以上について、前・後期1回ずつ年2回のアンケートを実施し、その結果は集計後グラフ化し、各担当教員に配付されます。教員は結果や学生の意見に基づいて、次年度の授業の改善に繋げます。実習についても同様の手順でアンケートを実施しています。このような授業評価アンケートの全体的な結果は、本学のホームページに公表されています。また、学生は科目ごとのアンケート結果とそれに対する授業担当教員の所見を教務課カウンターで閲覧することもできます。なお、授業担当教員の所見については、平成13年度分から「学生へのメッセージ」として図書館に保管されています。

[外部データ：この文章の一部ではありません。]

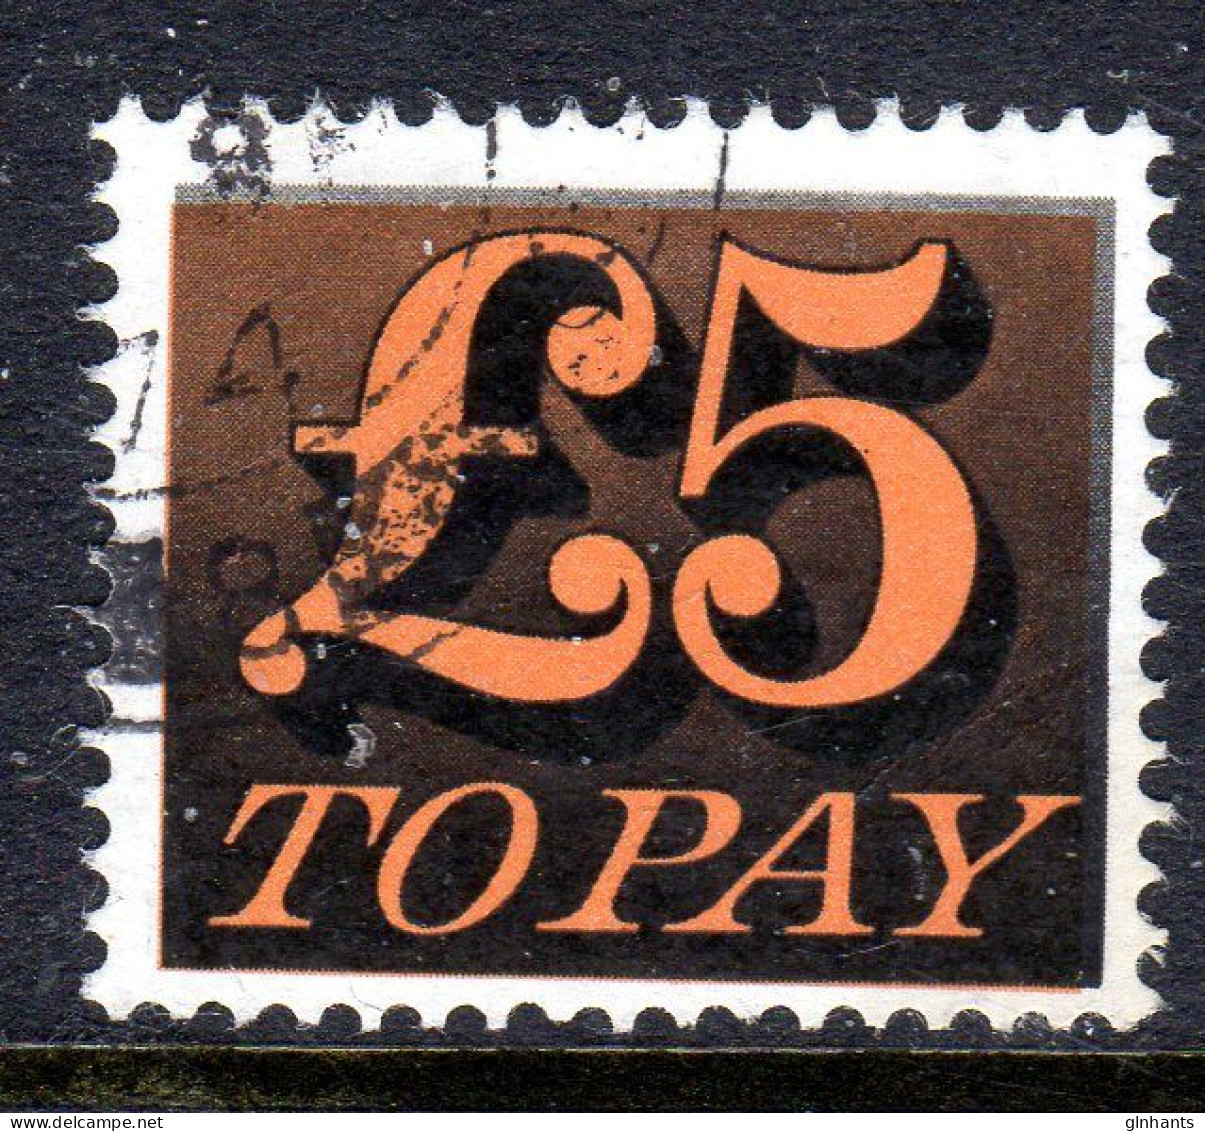 GREAT BRITAIN GB - 1970 POSTAGE DUE £5 STAMP FINE USED SG D89 - Taxe

 「公開授業(ピア・レビュー)」については、教員を有機・生薬系、物理・分析系、生物科学・衛生系、薬理・薬剤系+臨床系、および総合科学系に分け、前・後期にそれぞれの系で割り振られた教員の講義をFD委員も含む教員が参観し、評価するとともに、学生にも講義に関するアンケート調査をします。その後、授業参観教員による評価および学生アンケートに基づいて、講義担当教員、授業参観教員、およびFD委員によって「授業研究会」が開かれ、講義方法、講義内容などについて活発な意見交換が行われます。「授業研究会」は、講義担当者のみならず、講義を参観した教員についても講義の改善に大いに役立っています。
 教員による「授業研究会」の後、さらに学生も参加可能な「公開授業研究会」が開催されます。本年度は9月20日(金)午後2時50分からD棟302教室で学生参加のもと、実施されました
 「FD講演会」は、これまでに一度しか開催されておりませんが、平成26年1月14日(火)午後1時30分から「6年制薬学教育の在り方 −現状と課題−」をテーマに、大阪大学薬学部教授の平田收正先生にご講演をして頂きました。

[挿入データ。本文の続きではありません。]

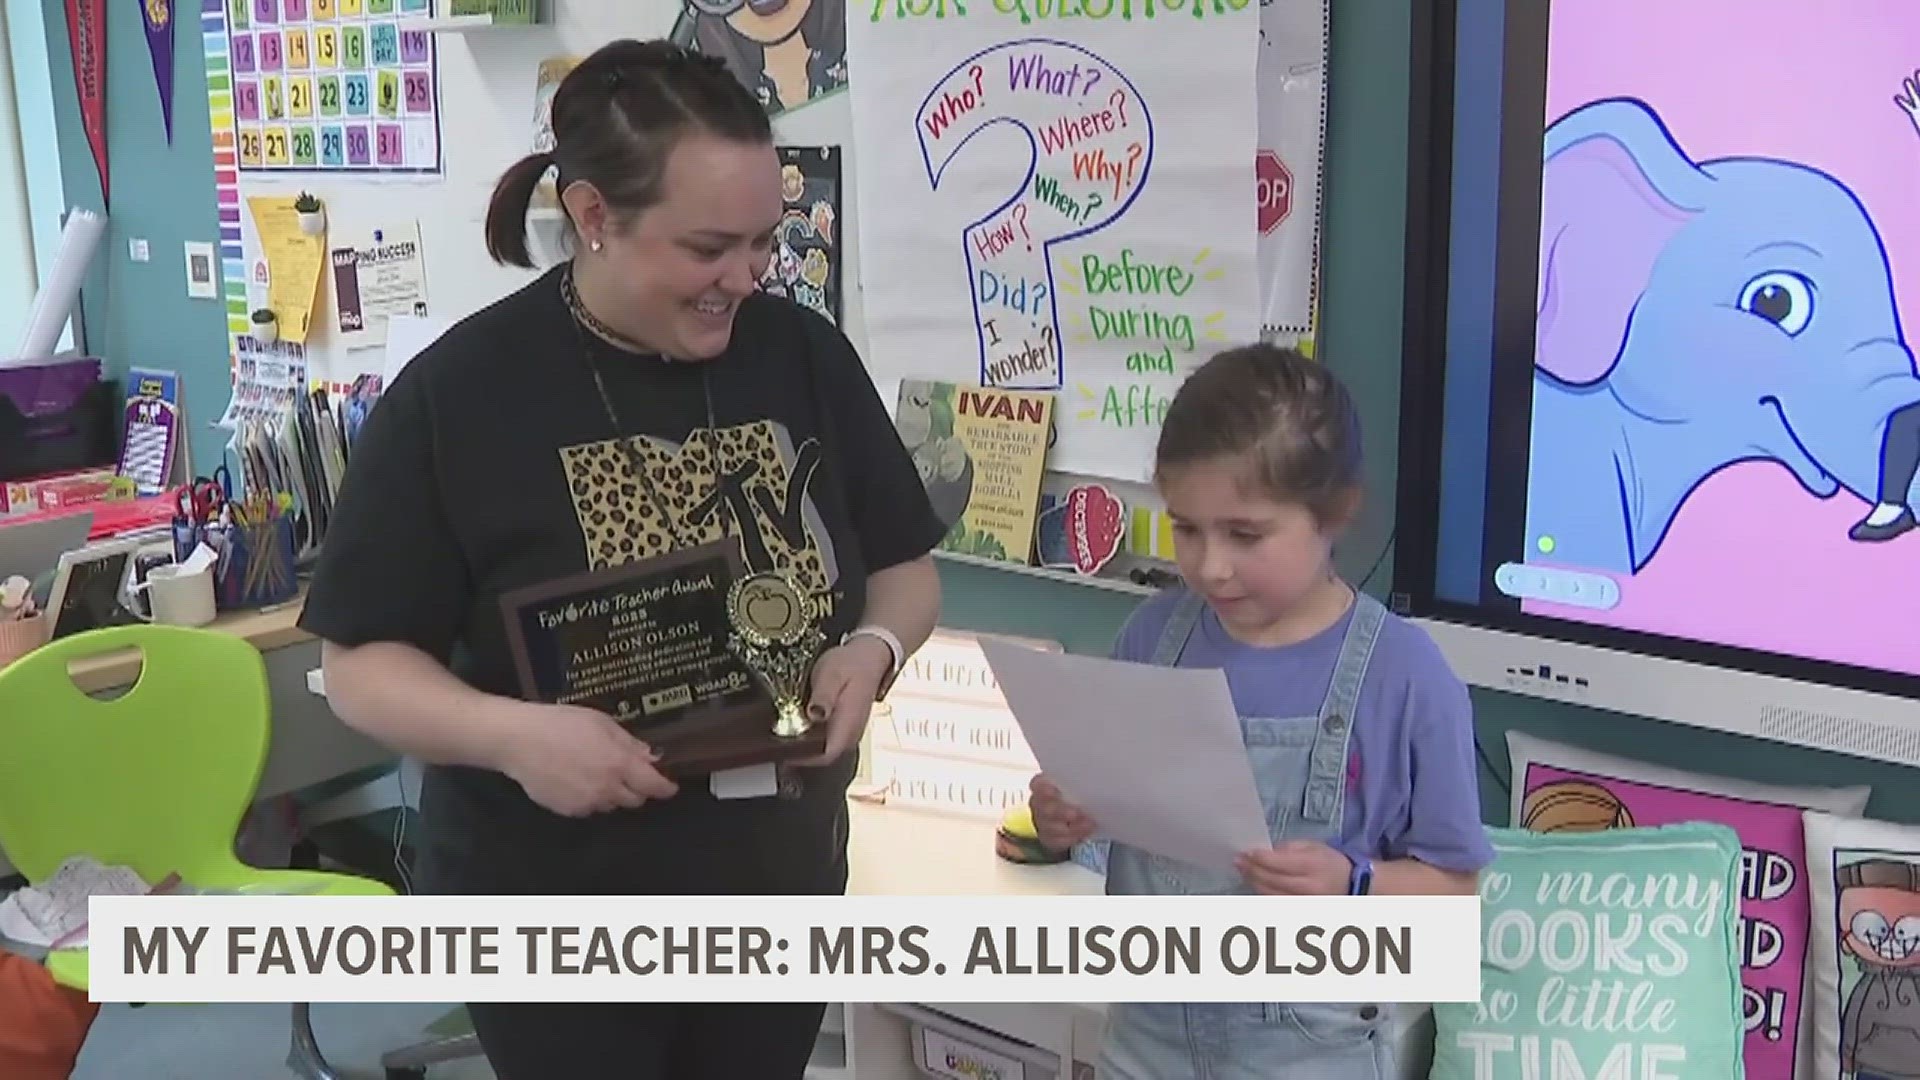 Mrs. Allison Olson of Hamilton Elementary School in Moline wins a 2023 My Favorite Teacher award after being nominated by a student who loves her fun classroom.

以上、本学におけるFD活動の現状について、簡単に述べさせて頂きました。
 これまでは、教員が中心となって授業内容・方法を改善し、向上させる目的でFD活動を行ってきましたが、今後は大学を構成する教員、職員、および学生が協力して、組織的に教育の改善を行うことが必要であると思います。教育の主役が学生であれば、FD活動に学生が参画し、学生・職員・教員が協同して、学生目線からの授業改善を行っていくべきであると考えます。是非とも「学生FD委員会」が本学に組織され、FD活動に積極的に参画してくれることを切に望んでいます。そうすることにより、授業は学生と教員との協同作業のうえに成り立つことを教員はもちろんのこと、学生にも実感してもらえば、授業の大いなる改善に繋がるものと思われます。
 FDとは、個々の教員の授業内容・方法を改善するための活動と考えられ、実際に多くの大学のFD活動は、この観点を中心に行われているように思われます。一方、教育と研究の両面を求める大学では、教員を取り巻く教育と研究全体を改善するかなり広い活動をFDと定義する大学が多くみられます。本学のような教育と研究の両面を求める大学では、教育のみならず研究全体の改善および質の向上に向けての議論を始めてもよいのではないかと思います。
 今後とも教員、職員、学生の皆様方のご理解とご協力を賜りますようお願い申し上げます。